The type many-valued is parametric with respect to a set of linguistic terms, representing truth values, defined by the programmer. This set of terms must be defined in the inference system declaration (see Section 4). The value of facts of this type will be an interval over the so defined ordered set of linguistic terms.

Class Facts

This type is a bit special. The set of values of this type is empty. Hence, facts of this type will be valueless facts. As a direct consequence of this, facts of this type cannot appear in premises or conclusions of rules. They can be used in the structuring of knowledge as relations between facts. These relations may appear in premises of meta-rules. So, for instance, we can declare the fact oral as a class fact. Then, we can define relations between the antibiotics that are administrated orally and the fact oral. Finally, we could define a meta-rule to be applied to all antibiotics administrated orally by using the previously defined relation in the meta-rule's premise.

Fuzzy Facts

Vagueness of concepts as fever can be interpreted as the degree of membership of a numeric measure (in this case temperature) to a fuzzy set.

The values of facts with an associated fuzzy set are still intervals of linguistic terms. The way of computing the interval will be done, in this case, by the application of the fuzzy membership function to the numerical value of the fact that must appear in a relation named needs_quantitative.

  
Figure 5: Fuzzy set representing the concept fever.

We can see an example of fact declaration of the concept fever (see Figure 5). This concept is declared by giving the four points of the trapezoidal approximation of its membership function.

fever = Type: fuzzy (37,38,43,43) 
        Relation: needs_quantitative temperature

Attributes of relations will be explained in Section 3.1.4.

Set Facts

Facts of this type get values from a user-defined finite set of symbolic values. This set is defined by enumerating its elements. For instance, the fact treatment gets values from a set of antibiotics ( etambutol, aciclovir and ganciclovir). This set is, moreover, the anonymous type of the fact treatment.

treatment = Type: (etambutol, aciclovir, ganciclovir)

The value of the fact treatment will be a mapping from the elements of its type to intervals of linguistic terms representing the degree of membership of every antibiotic to the fact treatment (v.g. ).

Linguistic Facts

We can declare a linguistic fact by giving a user-defined set of linguistic values and giving for every linguistic value a trapezoidal approximation of a fuzzy set with respect to a numeric fact. In Figure 6 we can see a new representation of the fact fever by means of three fuzzy sets, that is, low, medium and high.

  
Figure 6: Fuzzy sets representing the concept fever.

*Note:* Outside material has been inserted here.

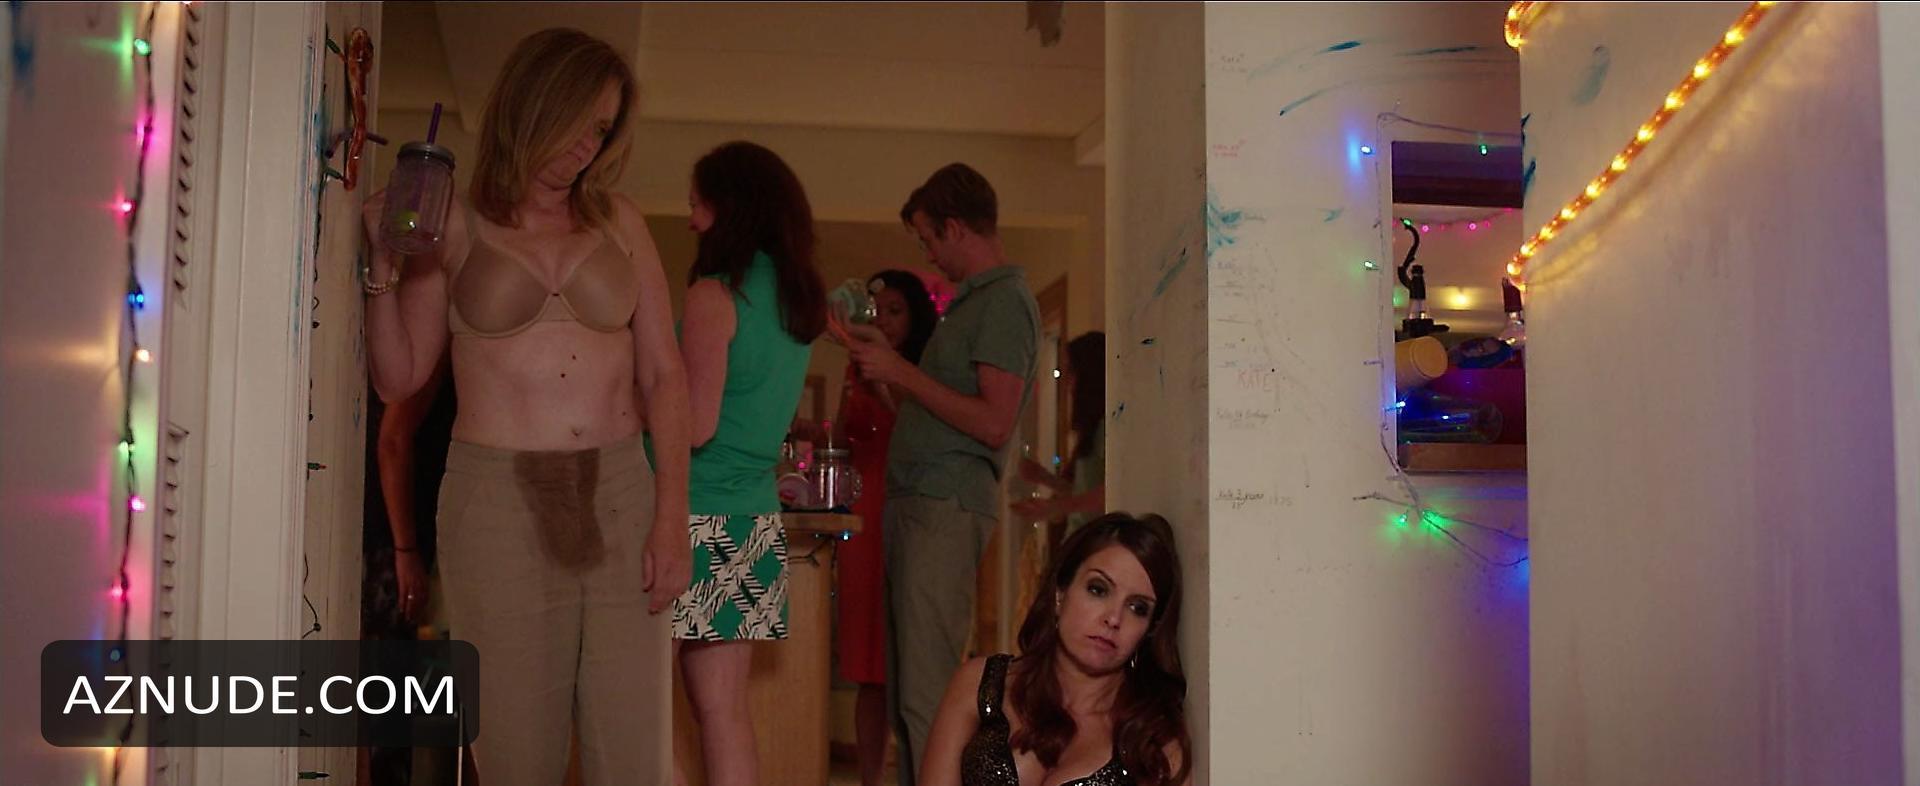 Amy poehler naked fakes, lady gets naked

The declaration of this new interpretation of the fever concept can be:

fever = Type: (l "low"    (37,37.3,37.6,38),
               m "medium" (37.6,38,38.5,39),
               h "high"   (38.5,39,43,43))
        Relation: needs_quantitative temperature

Notice that, as in the case of fuzzy facts, it is necessary to declare the same relation needs_quantitative with a numeric fact, in this case again temperature. The optional string in the elements of the type (e.g. low) is used only for informational purposes.